> [Work to be completed]:
Write out the listing below exactly, and omit any images you find in it.

> [Data segment]:
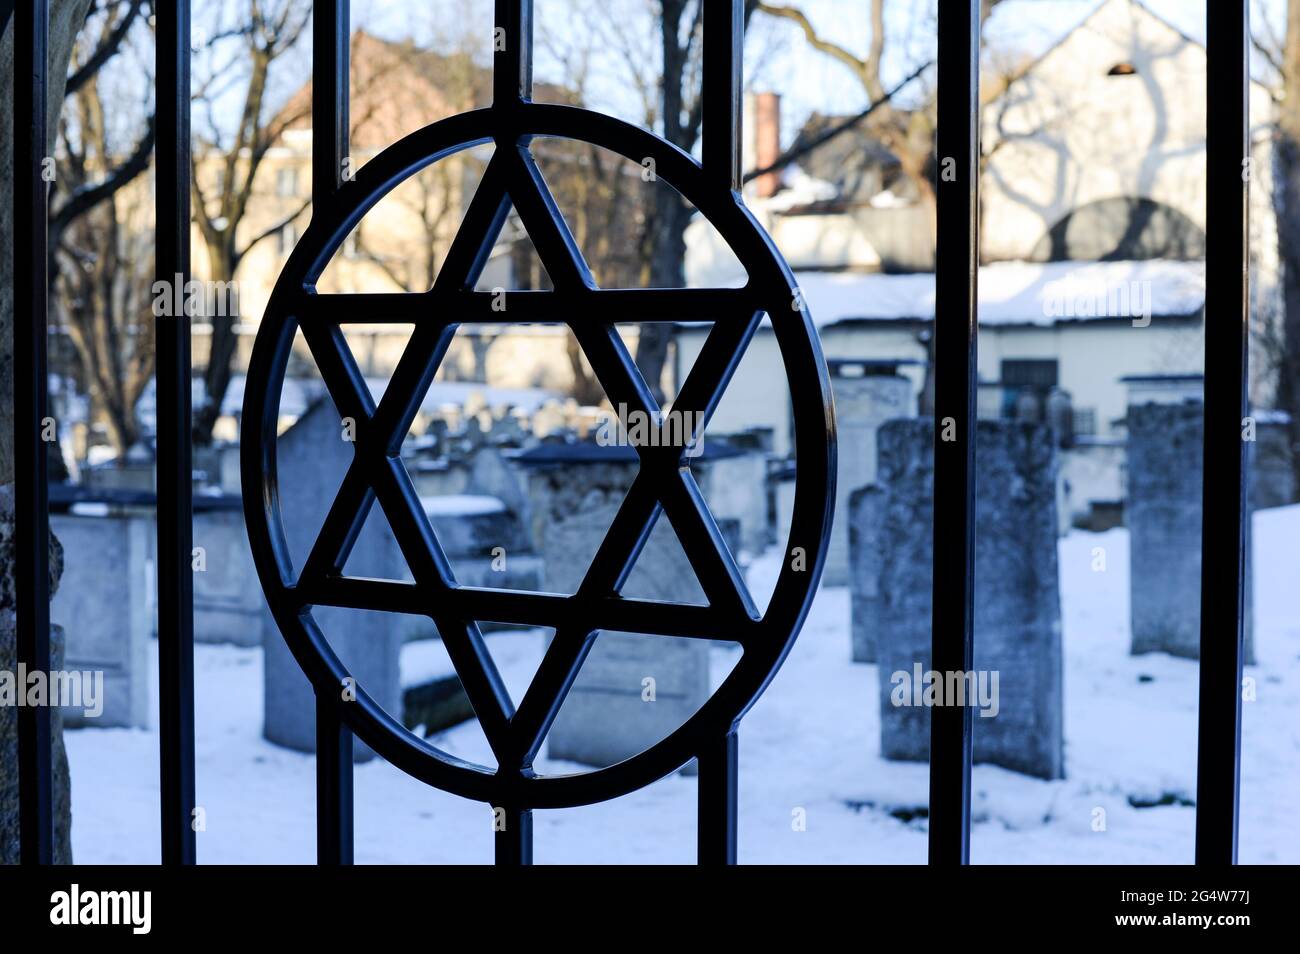 POLEN Krakow Krakov, jewtown, jewish cemetery Stock Photo
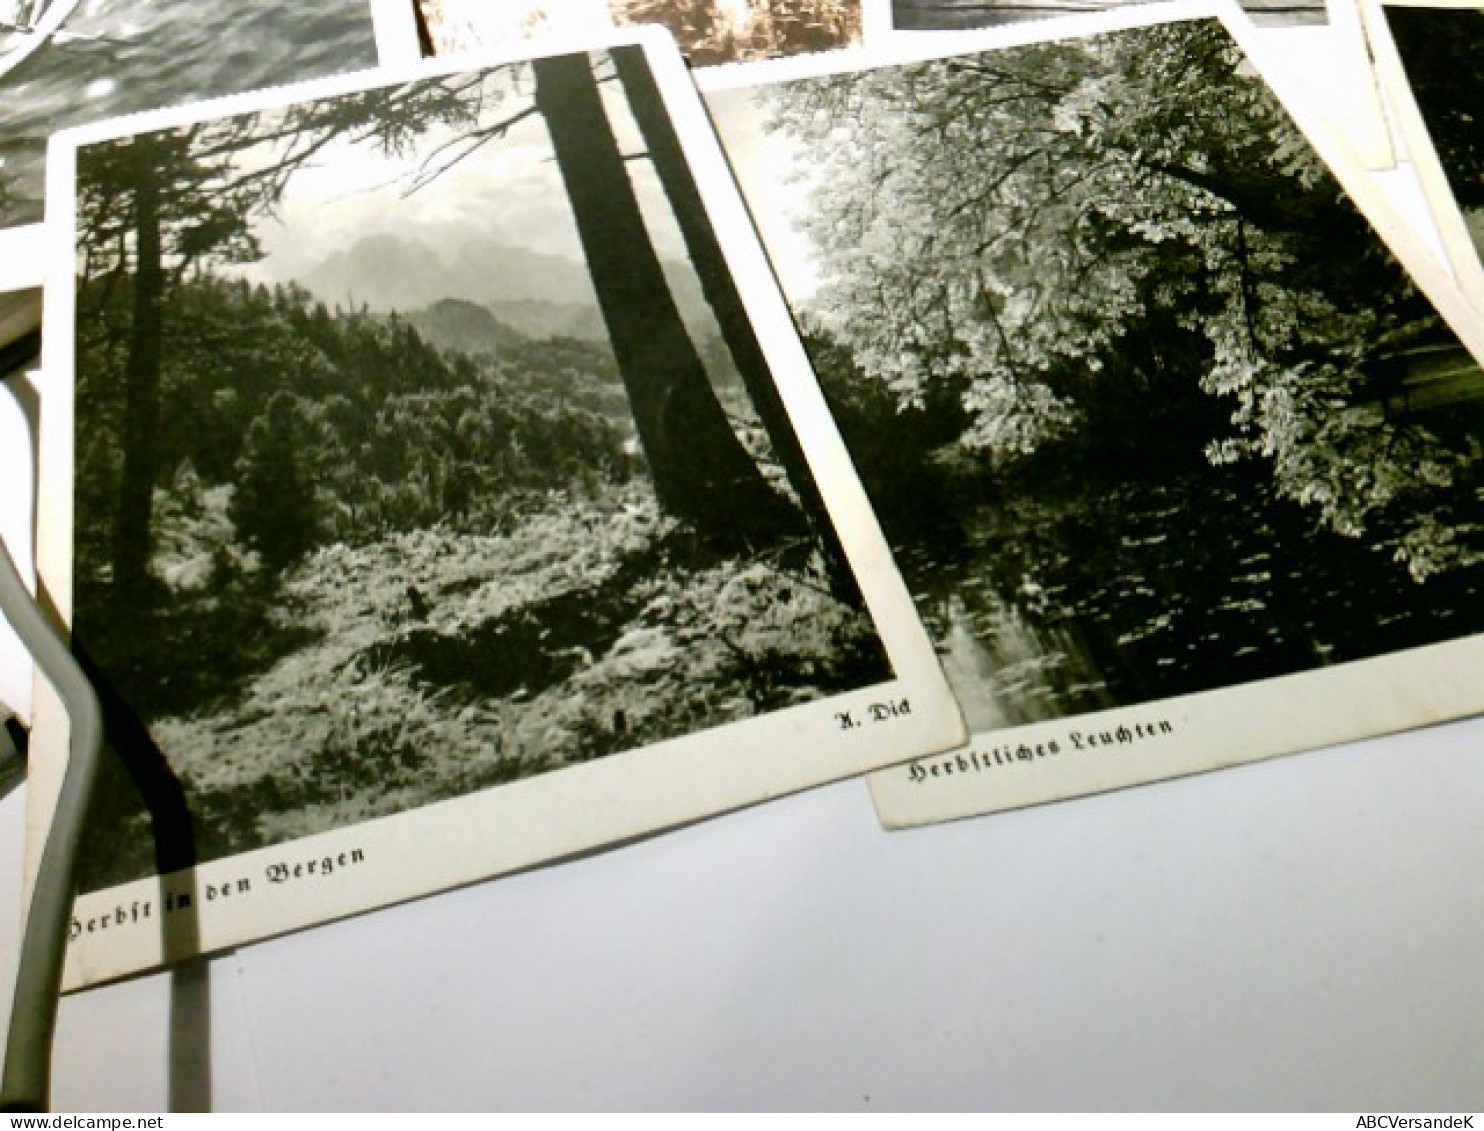 Landschaften. Konvolut. 11 x Alte Ansichtskarte / Postkarte s/w, ungel. u. 1 x gel. 1942. 1 x beschrieben, all
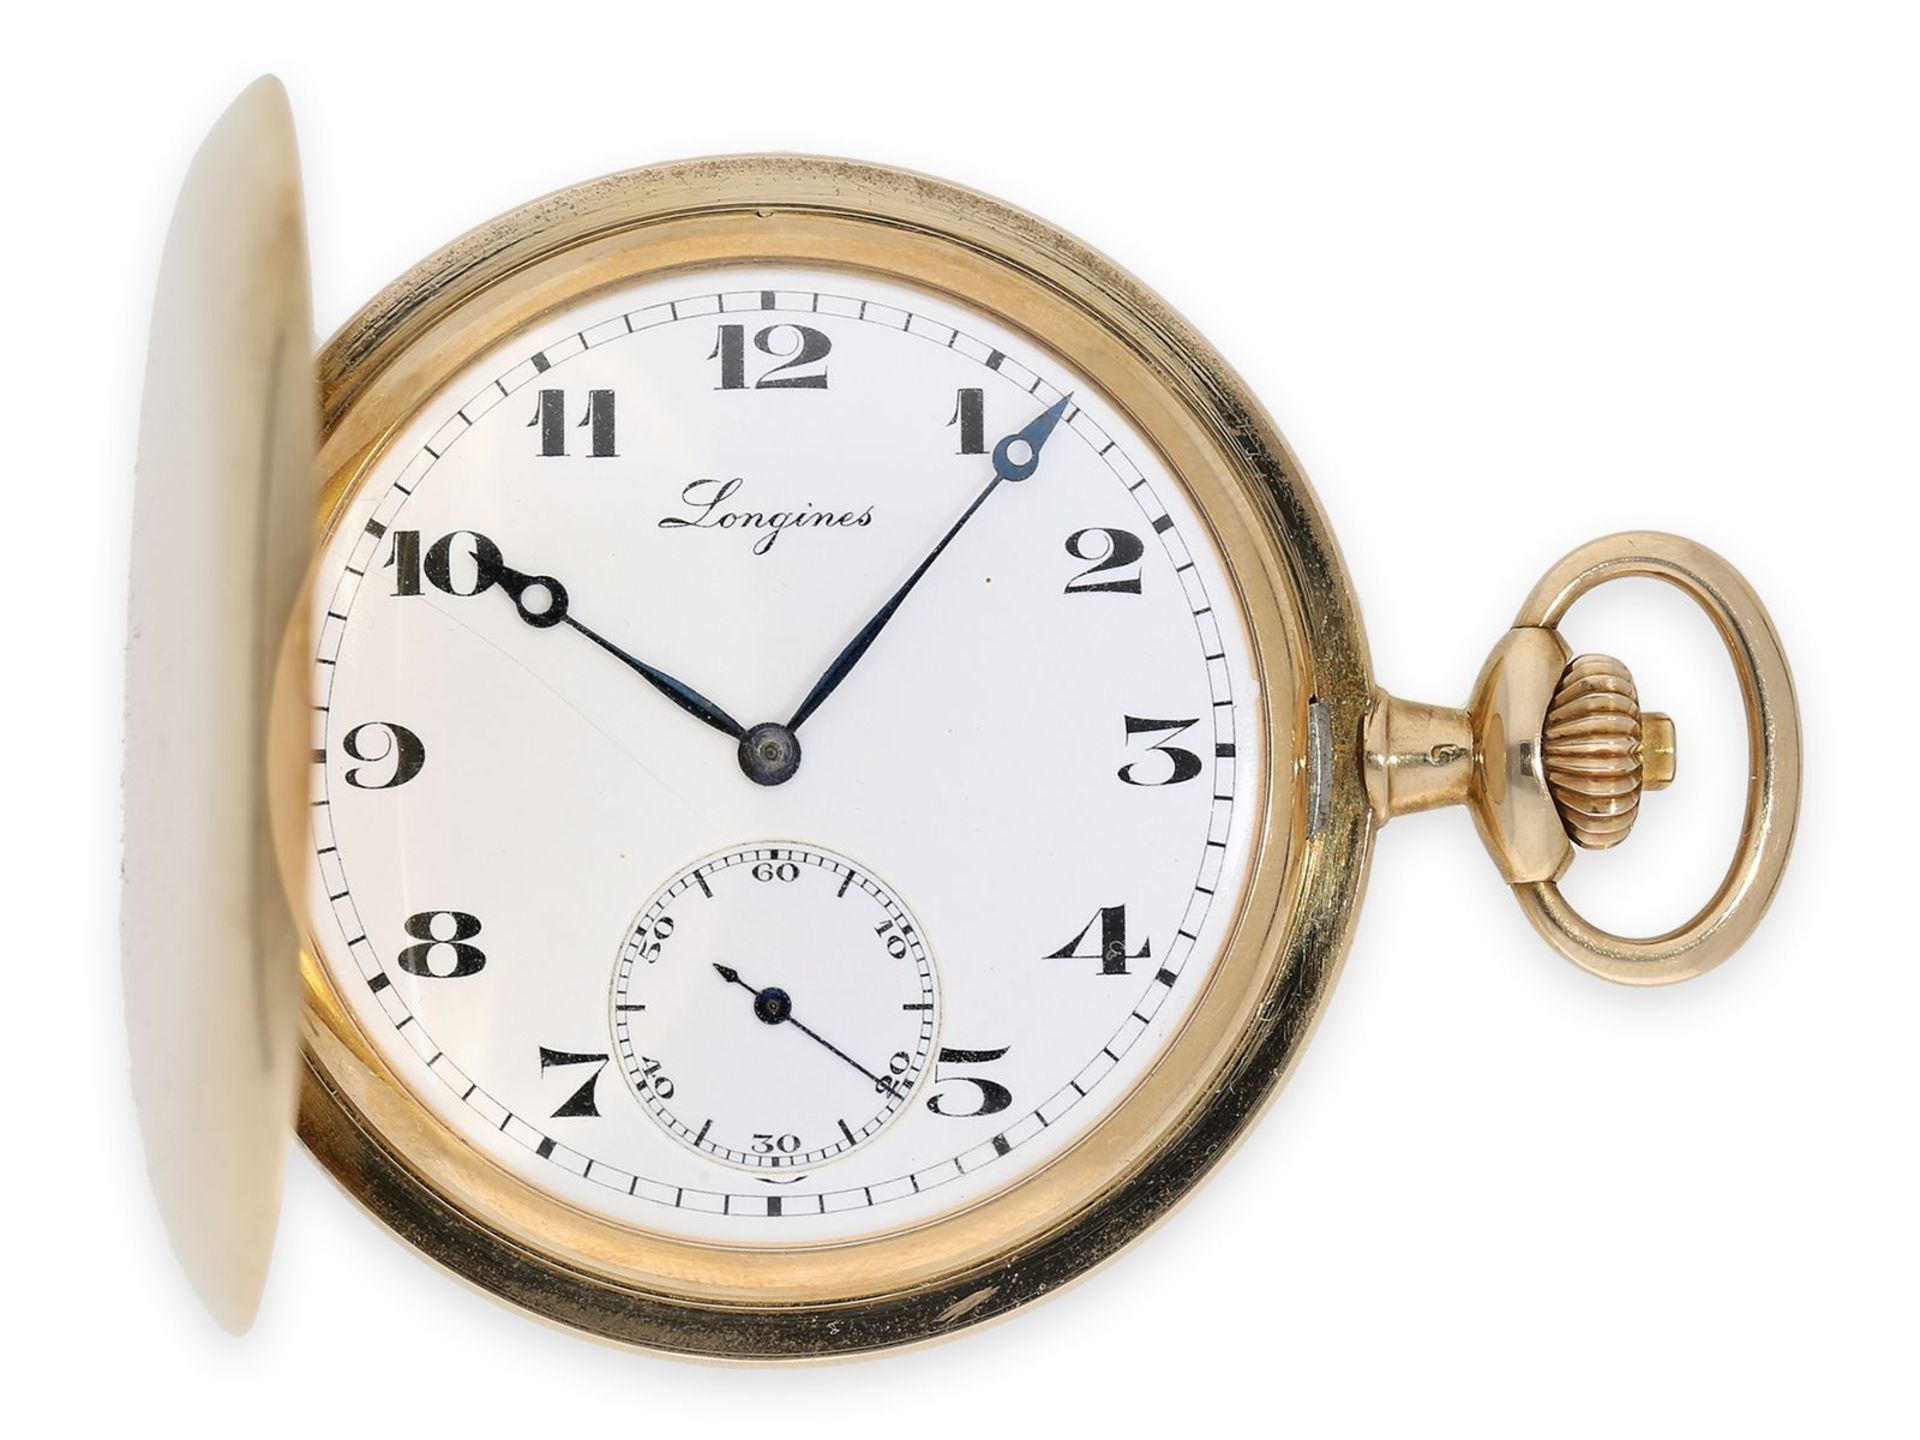 Taschenuhr: qualitätsvolle Goldsavonnette der Marke Longines, Ankerchronometer Kaliber 19.80, ca.

> [Response to the task]:
 POLEN Krakow Krakov, jewtown, jewish cemetery Stock Photo
 Landschaften. Konvolut. 11 x Alte Ansichtskarte / Postkarte s/w, ungel. u. 1 x gel. 1942. 1 x beschrieben, all
 Taschenuhr: qualitätsvolle Goldsavonnette der Marke Longines, Ankerchronometer Kaliber 19.80, ca.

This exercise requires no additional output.